» THE PROBLEM
Your task is to restate the listing word for word without the pictures.

» DATASET EXTRACT
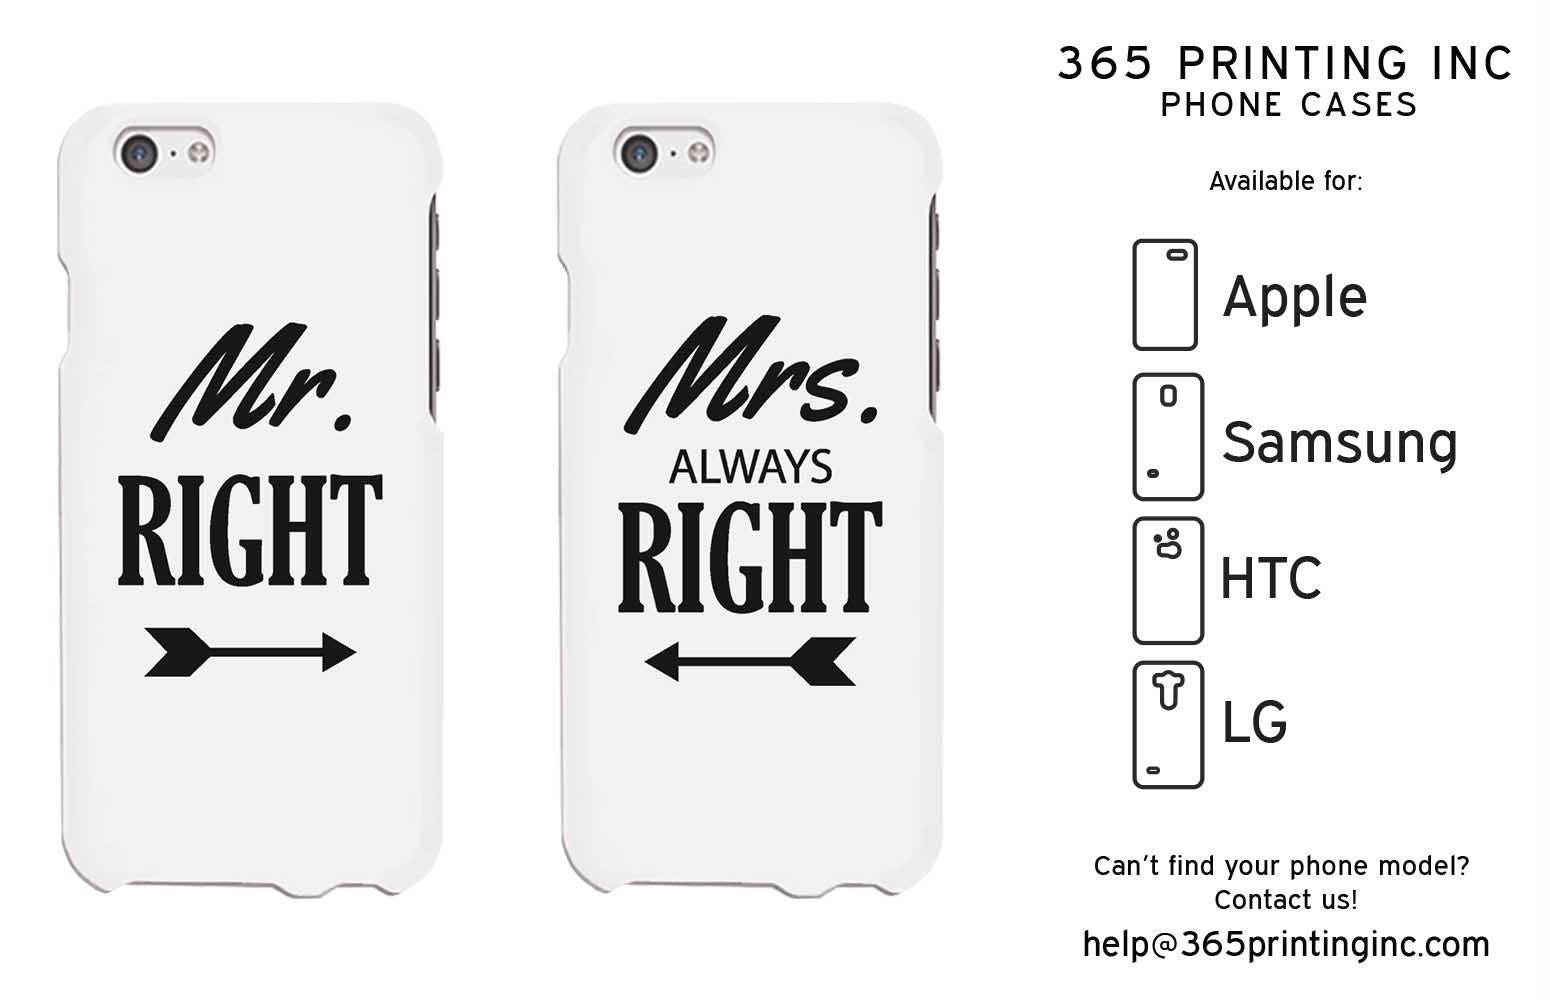 Mr Right And Mrs Always Right White Phone Case for iPhone, Galaxy S, One M8, G3
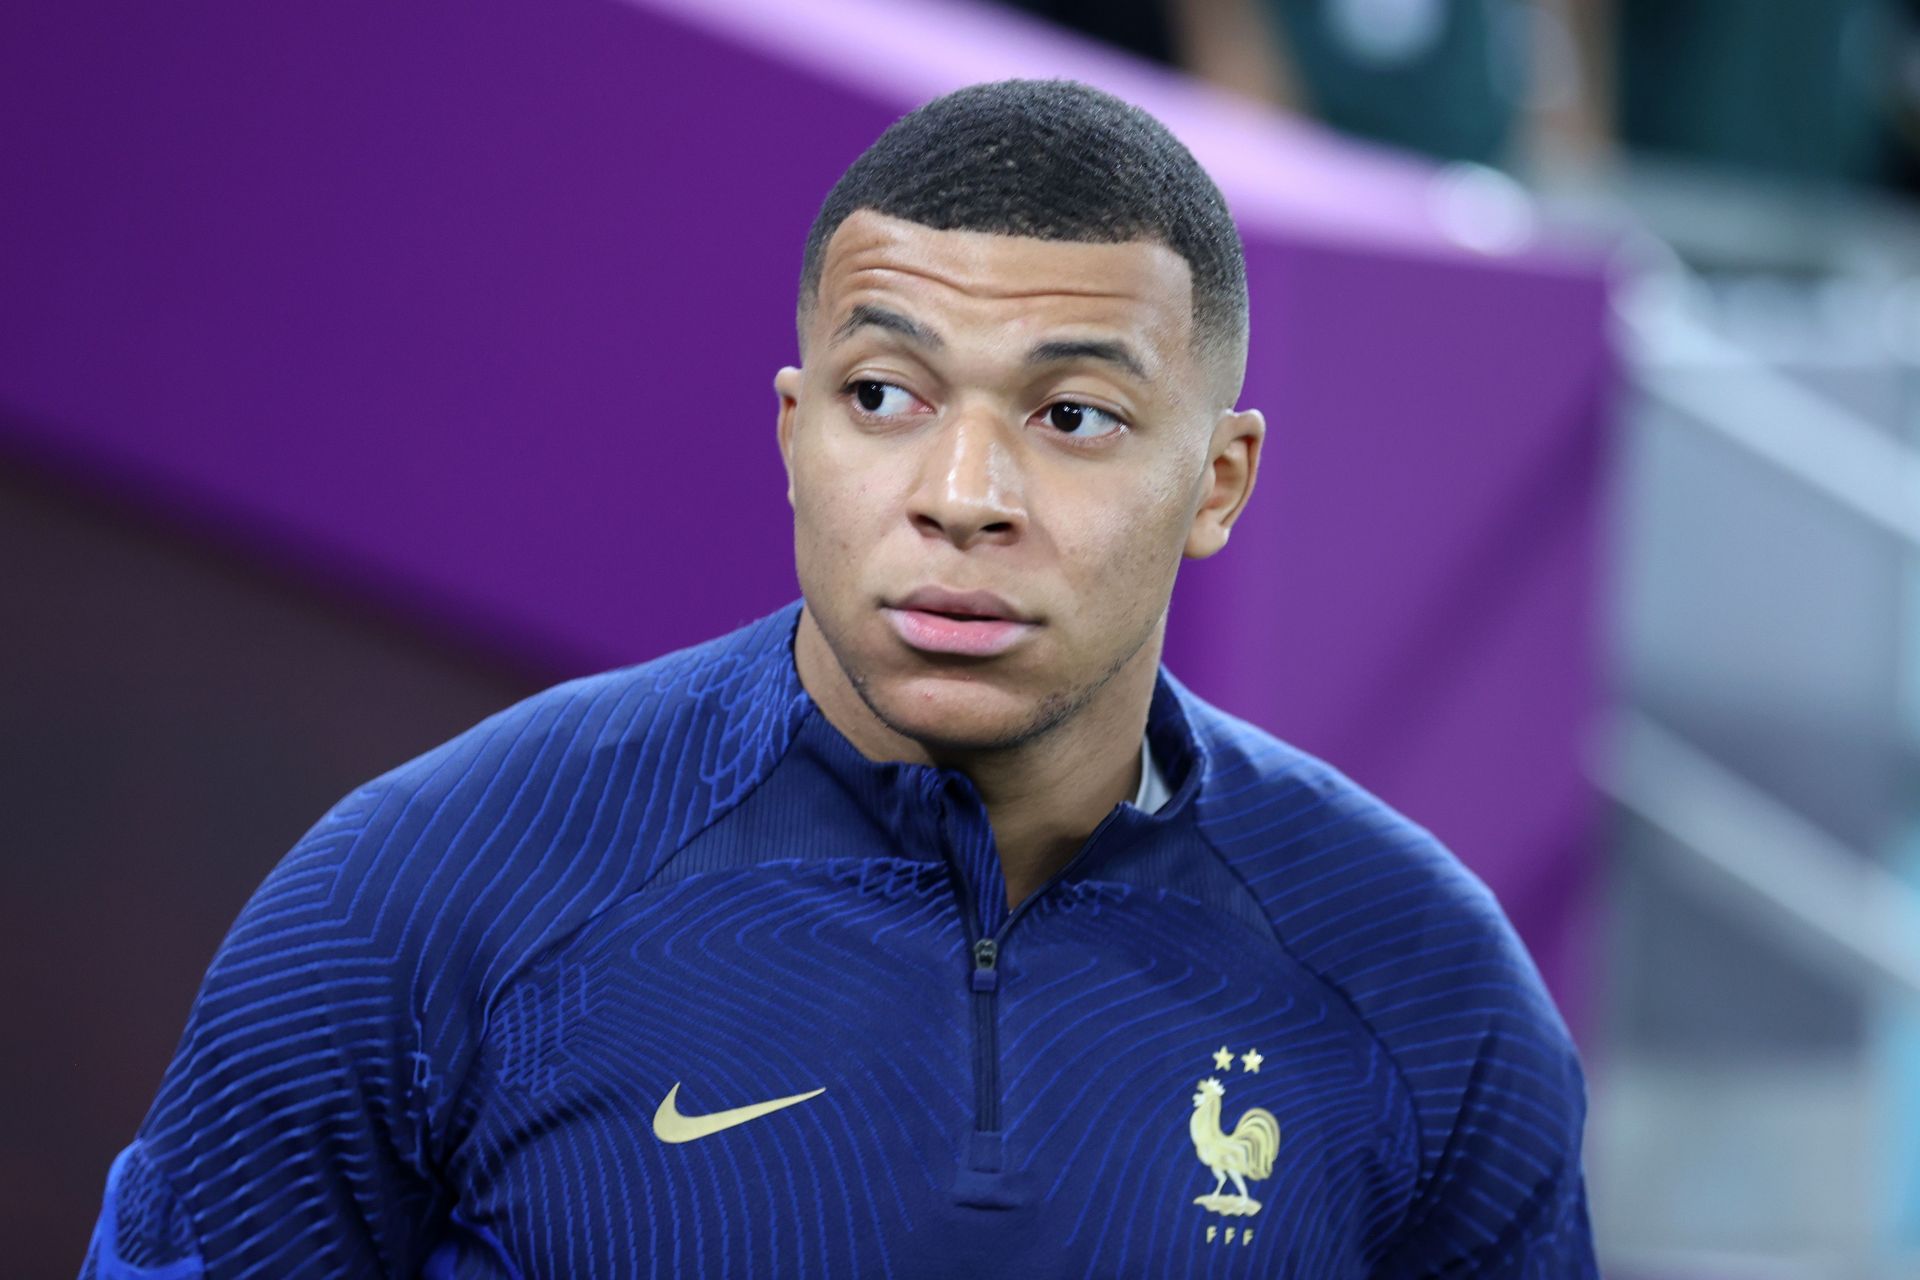 Kylian Mbappe is in sensational form and back in training
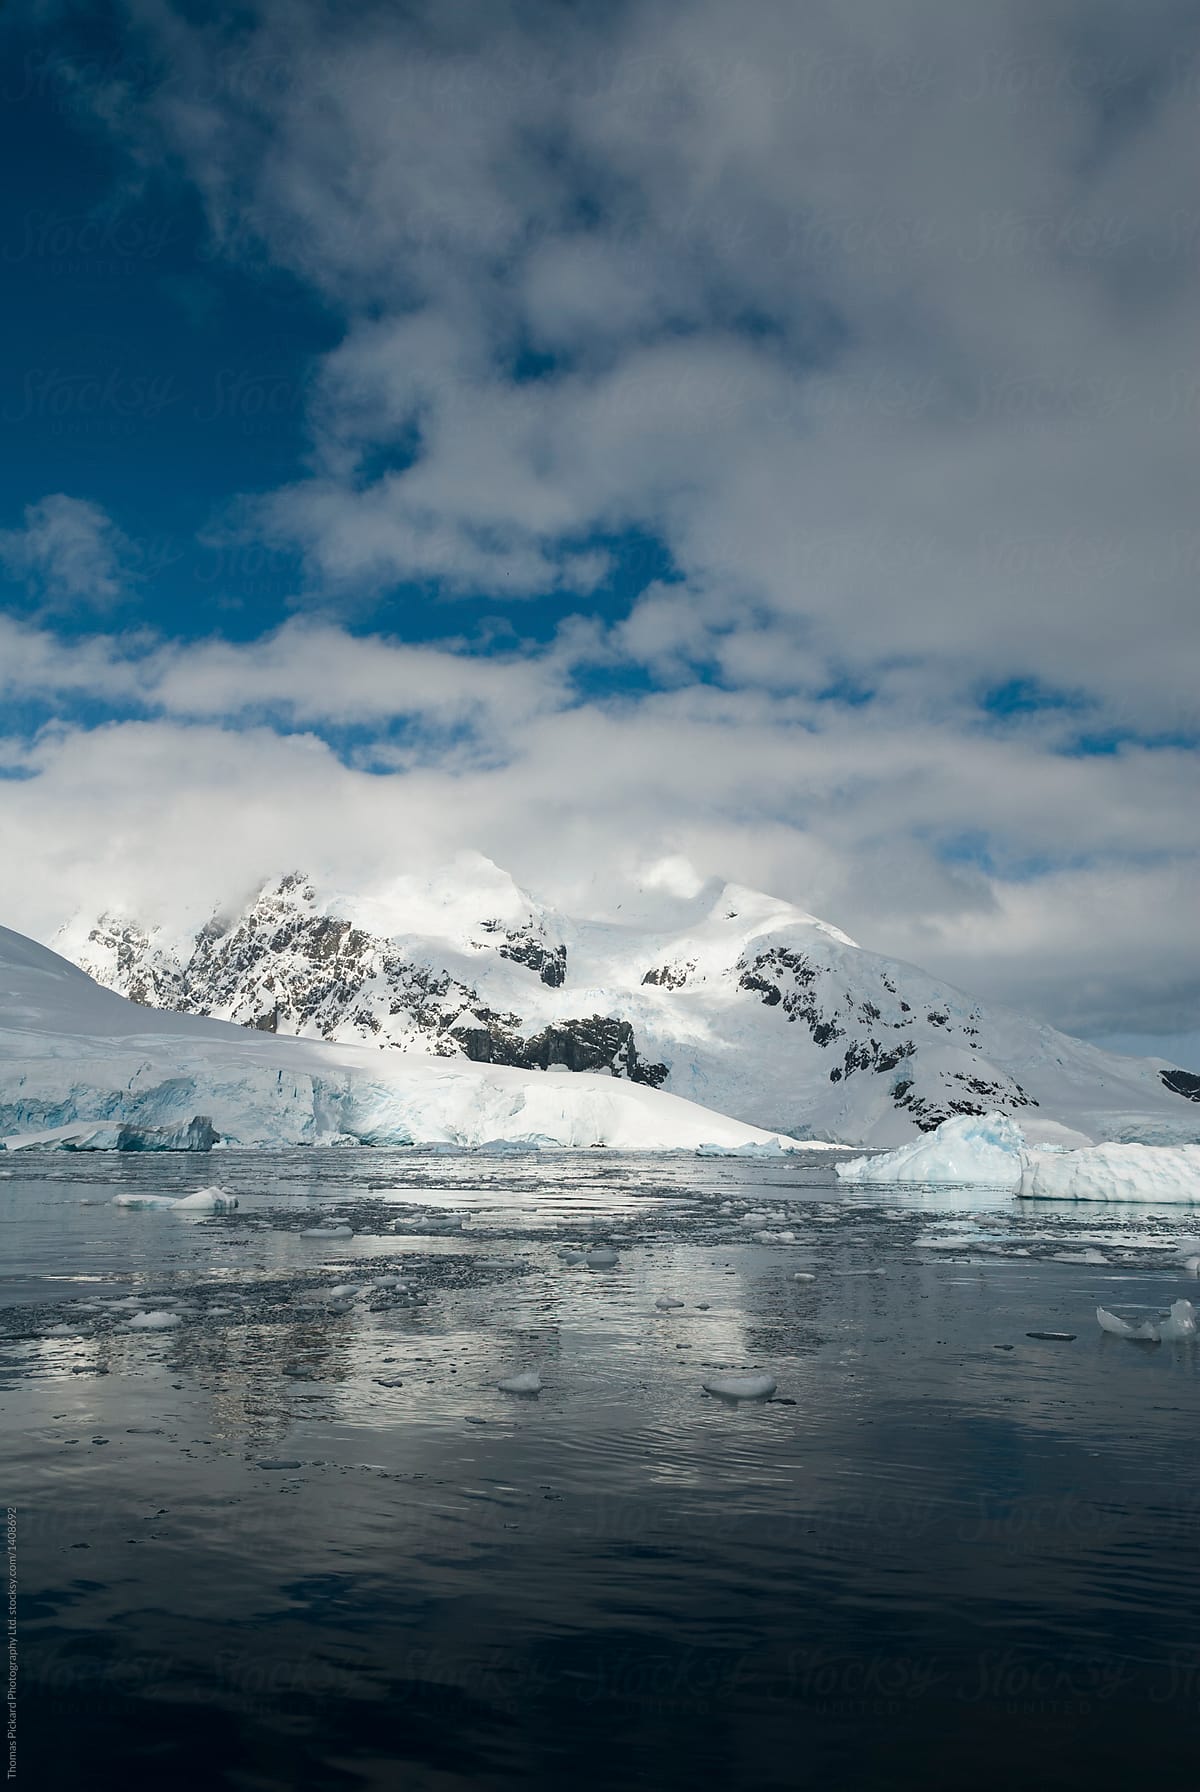 Ocean and mountains, Paradise Harbour, Antarctica.

» EXPECTED ANSWER
 Mr Right And Mrs Always Right White Phone Case for iPhone, Galaxy S, One M8, G3
 Kylian Mbappe is in sensational form and back in training
 Ocean and mountains, Paradise Harbour, Antarctica.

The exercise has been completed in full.